* [Required work]
Without the pictures, repeat all of the data exactly as it appears below.

* [Provided material]
%%

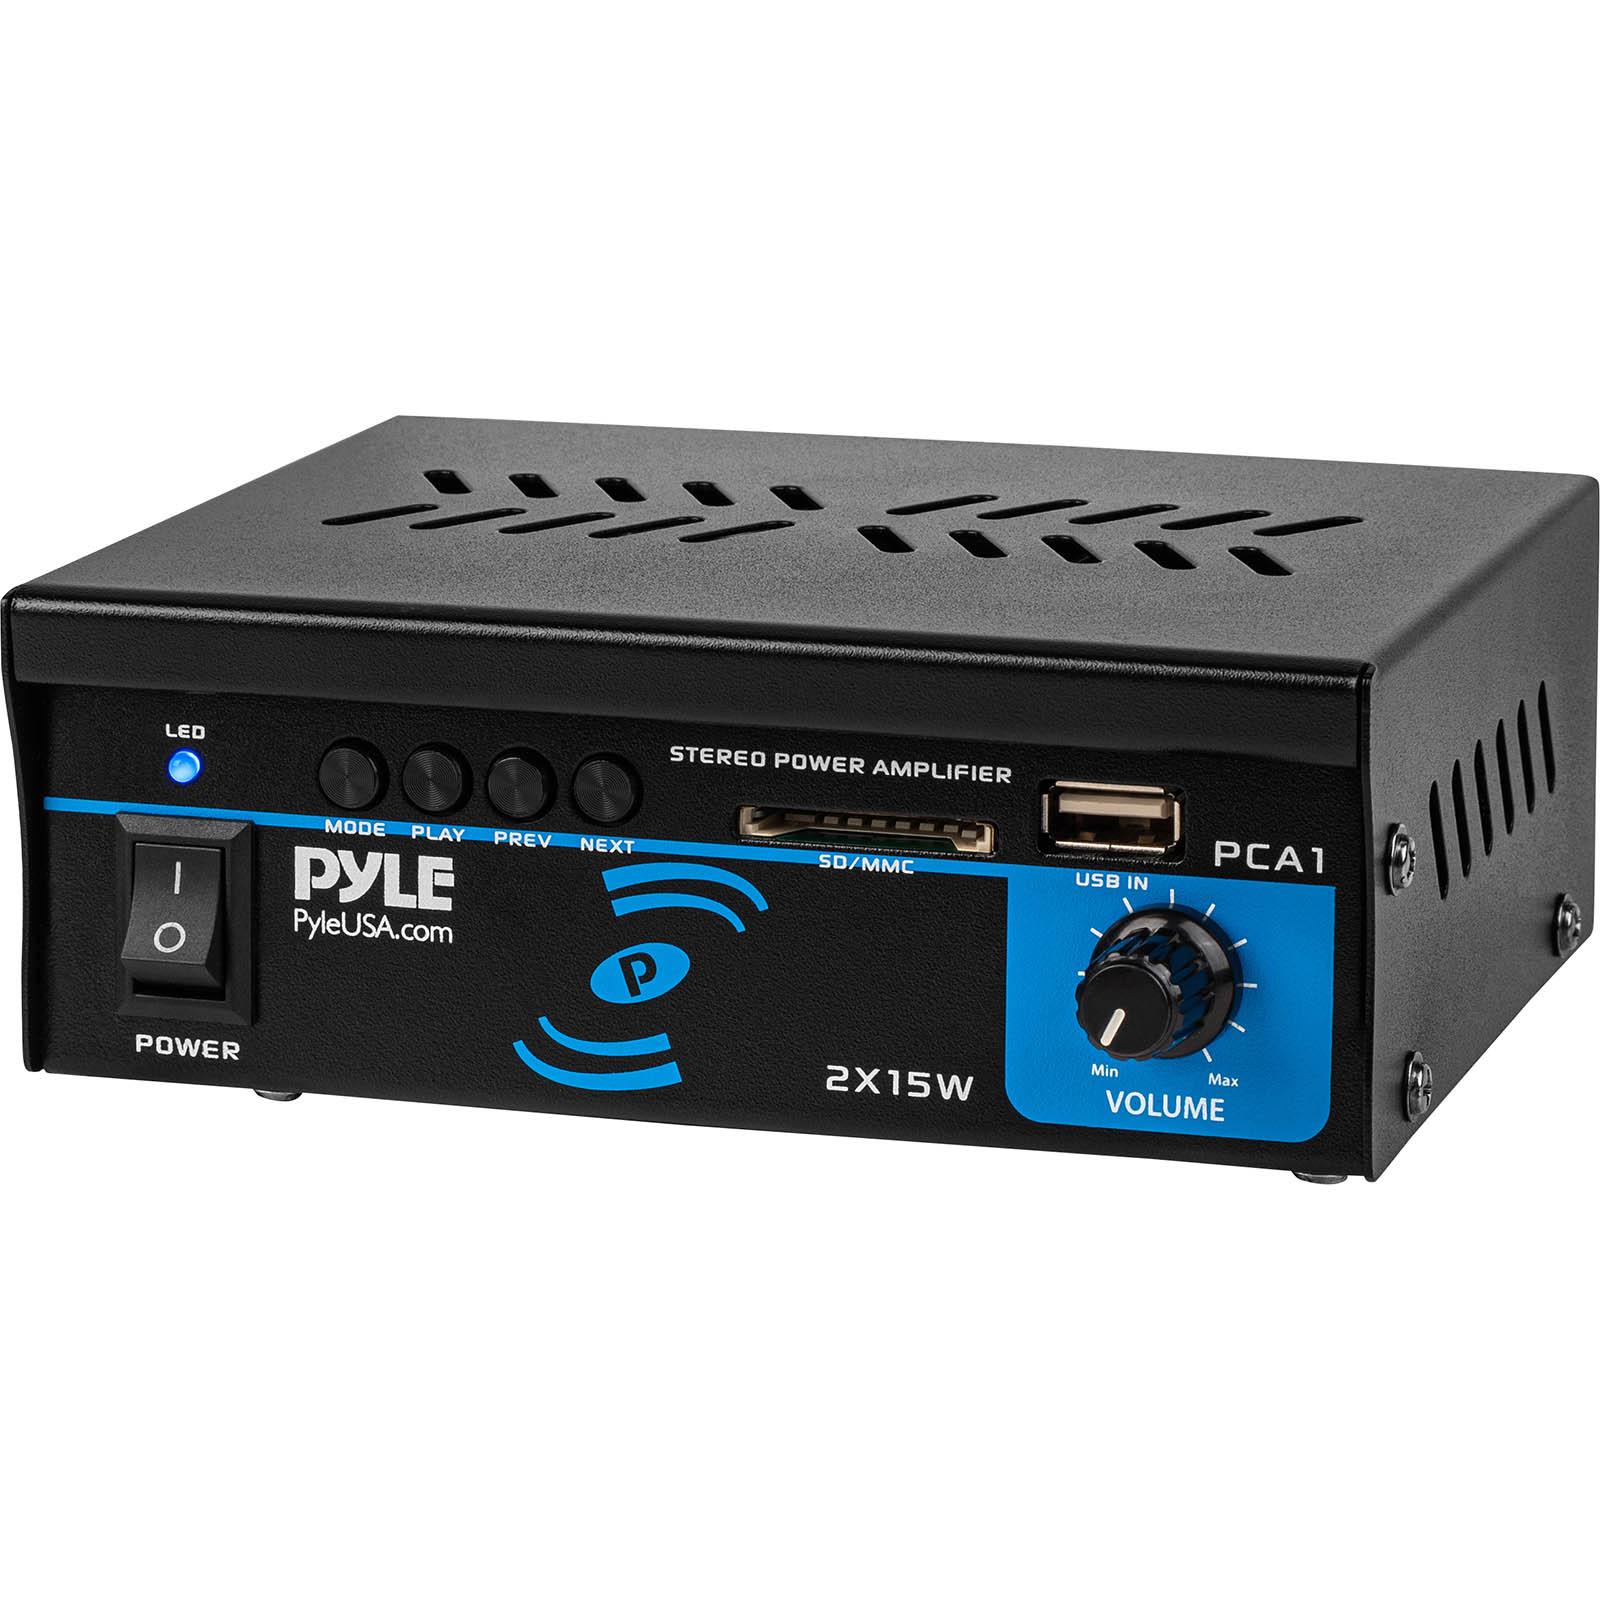 Pyle PCA1 Mini 2x15W Stereo Power Amplifier 
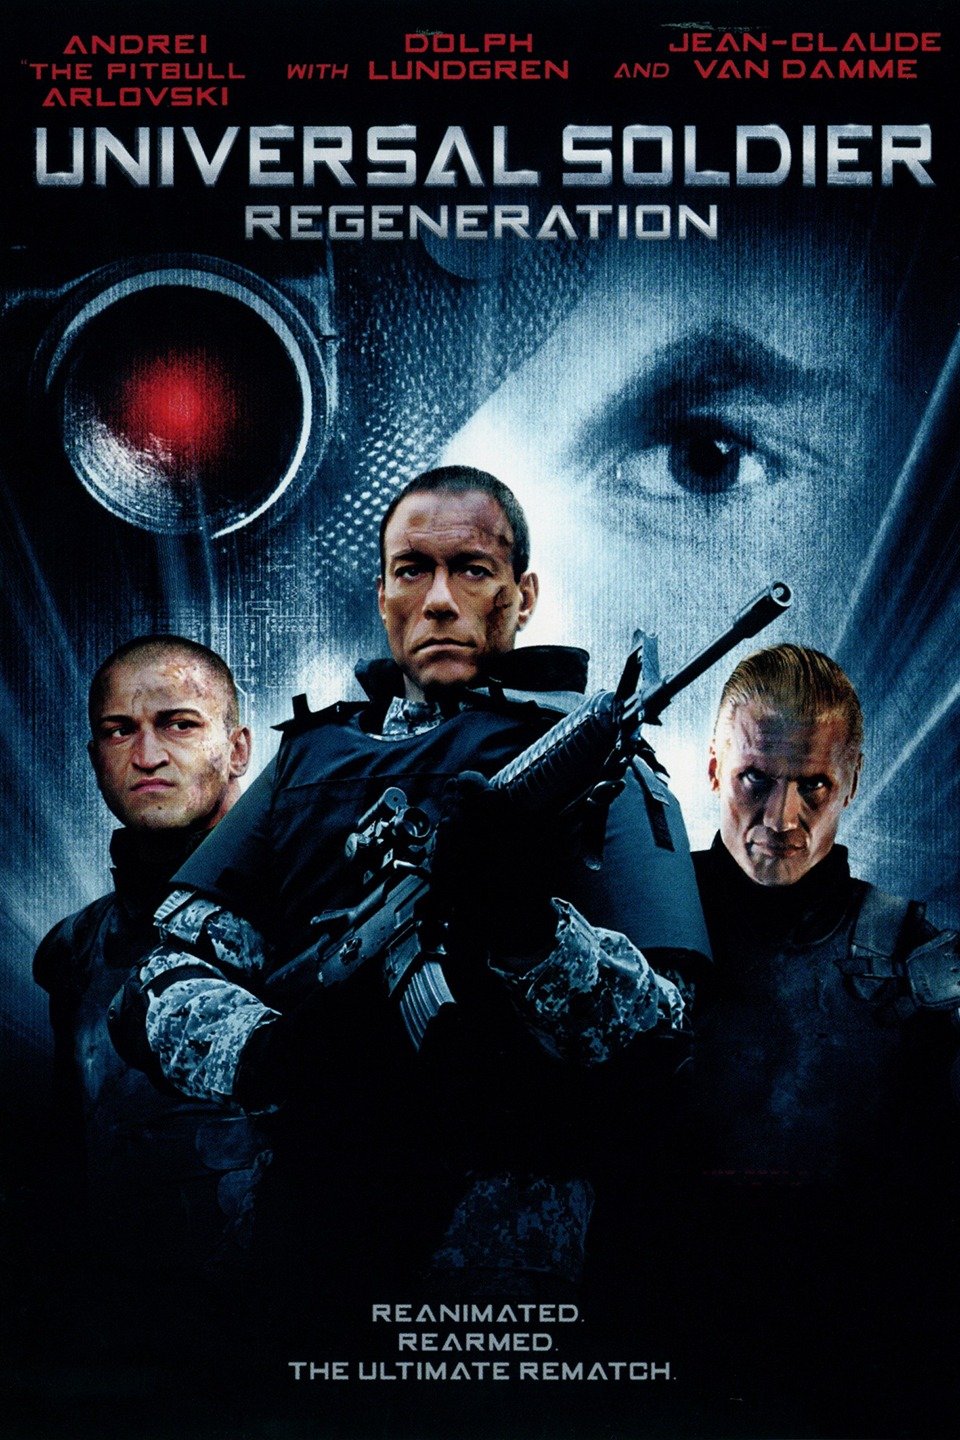 [FULL-HD LHQ] Universal Soldier: Regeneration (2009) 2 คนไม่ใช่คน สงครามสมองกลพันธุ์ใหม่ ภาค 3 [1080p] [พากย์ไทย 5.1 + เสียงอังกฤษ DTS] [บรรยายไทย + อังกฤษ] [เสียงไทย + ซับไทย] [OPENLOAD]
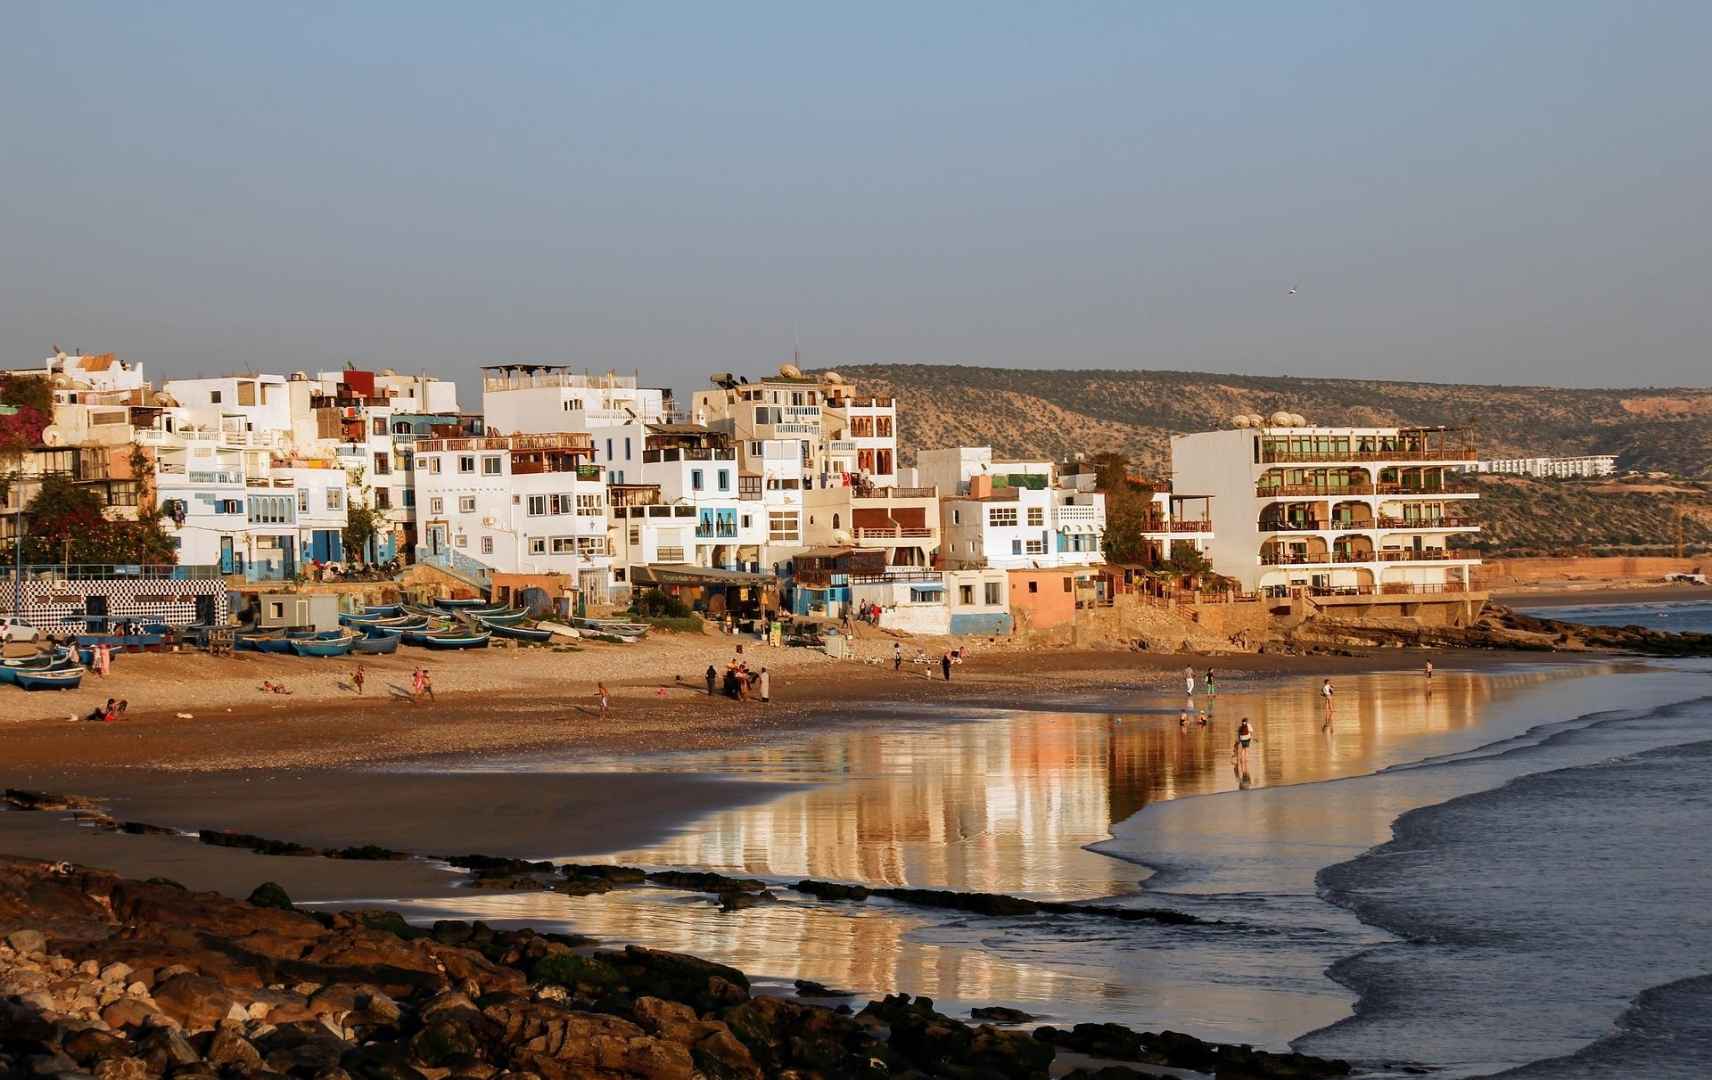 Strand in Taghazout, Agadir

%%

* [Expected answer]
 Pyle PCA1 Mini 2x15W Stereo Power Amplifier 
 [FULL-HD LHQ] Universal Soldier: Regeneration (2009) 2 คนไม่ใช่คน สงครามสมองกลพันธุ์ใหม่ ภาค 3 [1080p] [พากย์ไทย 5.1 + เสียงอังกฤษ DTS] [บรรยายไทย + อังกฤษ] [เสียงไทย + ซับไทย] [OPENLOAD]
 Strand in Taghazout, Agadir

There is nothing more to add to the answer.